Le soir, il vint en effet nous rendre compte de ce qui avait eu lieu ; le voici :

Barrot était entré dans l’ouverture avec ardeur ; il avait pris avec effusion les mains de celui qui la lui faisait, et s’était déclaré disposé à faire tout ce qu’on exigeait de lui dans le sens indiqué ; il paraissait soulagé d’un grand poids en entrevoyant la possibilité d’échapper à la responsabilité du banquet. Mais il ajouta qu’il n’était pas seul engagé dans cette entreprise et qu’il fallait s’entendre avec ses amis sans lesquels il ne ferait rien. Nous ne le savions que trop !

Rivet se rendit chez Duvergier. Celui-ci était au Conservatoire de musique ; mais il devait rentrer chez lui avant dîner. Rivet l’attendit. Duvergier revint. Rivet lui fit part de la proposition des conservateurs et de notre ordre du jour. Duvergier reçut assez dédaigneusement cette communication ; ils étaient trop avancés, dit-il, pour reculer ; les conservateurs revenaient à résipiscence trop tard ; lui Duvergier et ses amis ne pouvaient, sans perdre leur popularité et peut-être toute leur influence sur les masses, entreprendre de faire renoncer celles-ci à la manifestation projetée. Du reste, ajouta-t-il, je ne vous donne ici que mon impression instantanée et personnelle, mais je vais dîner chez Thiers et je vous enverrai ce soir un billet qui vous fera connaître notre dernier mot.

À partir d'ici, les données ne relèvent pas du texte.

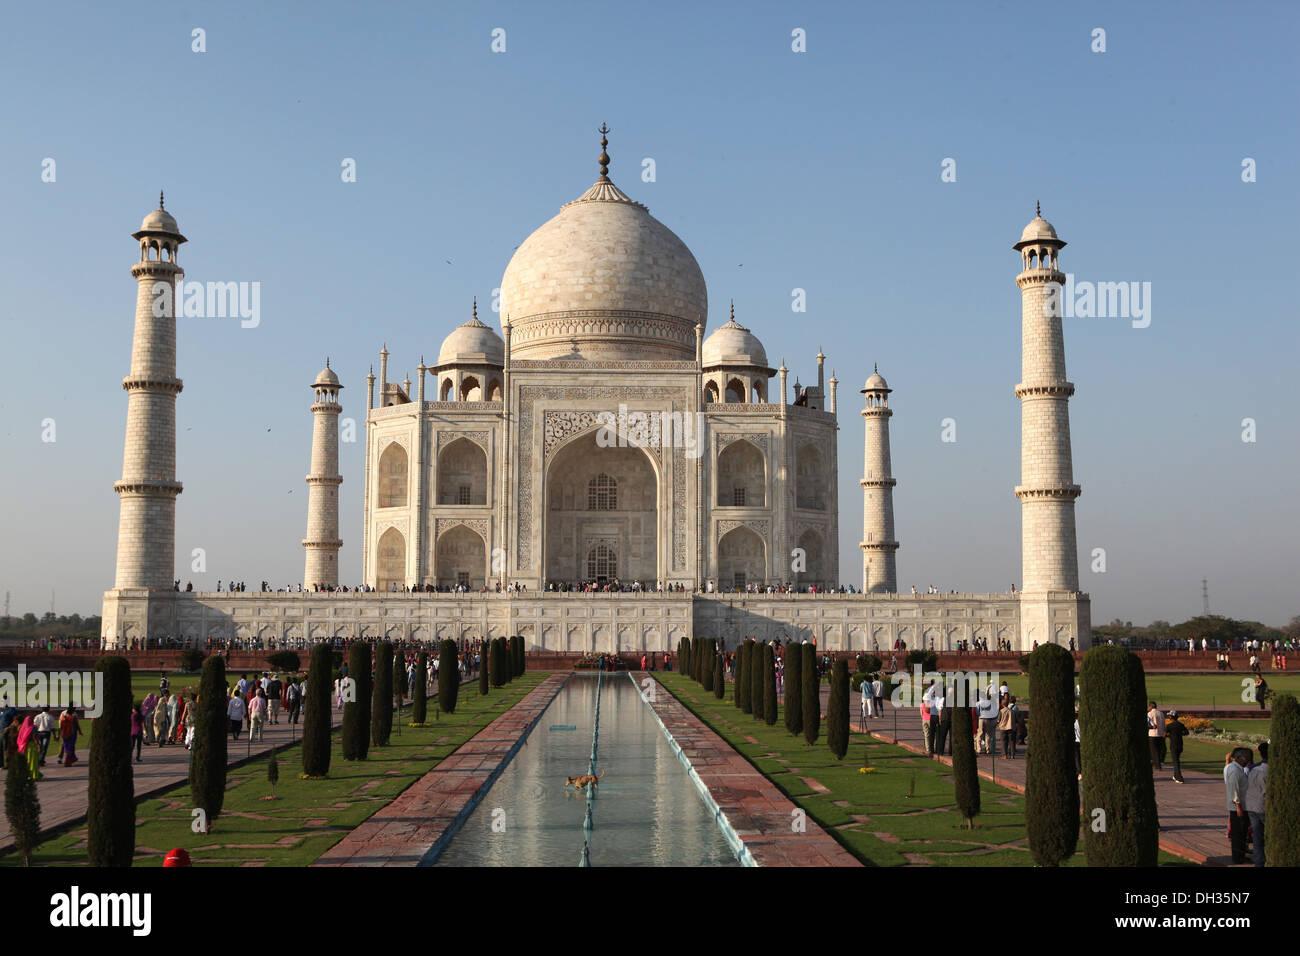 Taj Mahal, Agra, Uttar Pradesh, India, Asia Immagini Stock

Ce billet arriva, en effet, comme nous étions réunis ; il portait en quelques mots que l’opinion exprimée avant dîner par Duvergier était celle de Thiers, et qu’il fallait renoncer à l’affaire dont on avait parlé. Nous nous séparâmes immédiatement : le sort était jeté !

Je ne doute pas que parmi les motifs du refus de Duvergier et de Thiers ne se soit trouvé en première ligne celui-ci, qui ne fut pas exprimé : le ministère tombant sans bruit, par l’effet commun d’une partie des conservateurs et par les nôtres et sur un ordre du jour présenté par nous, le pouvoir nous arrivait et n’allait point jusqu’à ceux qui avaient monté toute cette grande machine des banquets pour le conquérir.

Conduite de Dufaure, le 24 février 1848.

Rivet me disait aujourd’hui (19 octobre 1850) qu’il n’avait jamais causé avec Dufaure de ce qui était arrivé à celui-ci le 24 février ; mais que, par la conversation de personnes de sa famille ou de son intimité, il avait conclu ceci :

Vers six heures un quart, le 23 février, M. Molé, après s’être concerté avec M. de Montalivet, envoya prier Dufaure de passer chez lui. Celui-ci, en se rendant chez M. Molé, entra chez Rivet et le pria de l’attendre, parce que son intention était de revenir chez Rivet en sortant de chez M. Molé. Dufaure ne revint pas et Rivet ne le revit qu’assez longtemps après, mais il croit savoir qu’arrivé chez Molé, et après une assez longue conversation, Dufaure se retira, déclarant qu’il ne voulait pas faire partie du nouveau cabinet, et qu’à son avis, les circonstances demandaient les hommes qui avaient amené le mouvement, c’est-à-dire Thiers et Barrot.

Il revint chez lui fort effrayé de l’aspect de Paris, trouva sa belle-mère et sa femme plus effrayées encore, et, à cinq heures du matin, le 24, partit avec elles et les conduisit à Vanves. Lui, de sa personne, revint ; je le vis vers huit ou neuf heures et je ne me rappelle pas qu’il m’ait dit avoir fait ce voyage matinal. J’étais venu chez lui avec Lanjuinais et Corcelles ; nous nous séparâmes bientôt, nous donnant rendez-vous à midi, à la Chambre des députés. Dufaure n’y vint pas ; il paraît qu’il en avait pris en effet le chemin, qu’il arriva jusqu’au palais de l’Assemblée qui, sans doute, en ce moment était envahi. Ce qui est certain, c’est qu’il passa outre et alla retrouver sa famille à Vanves.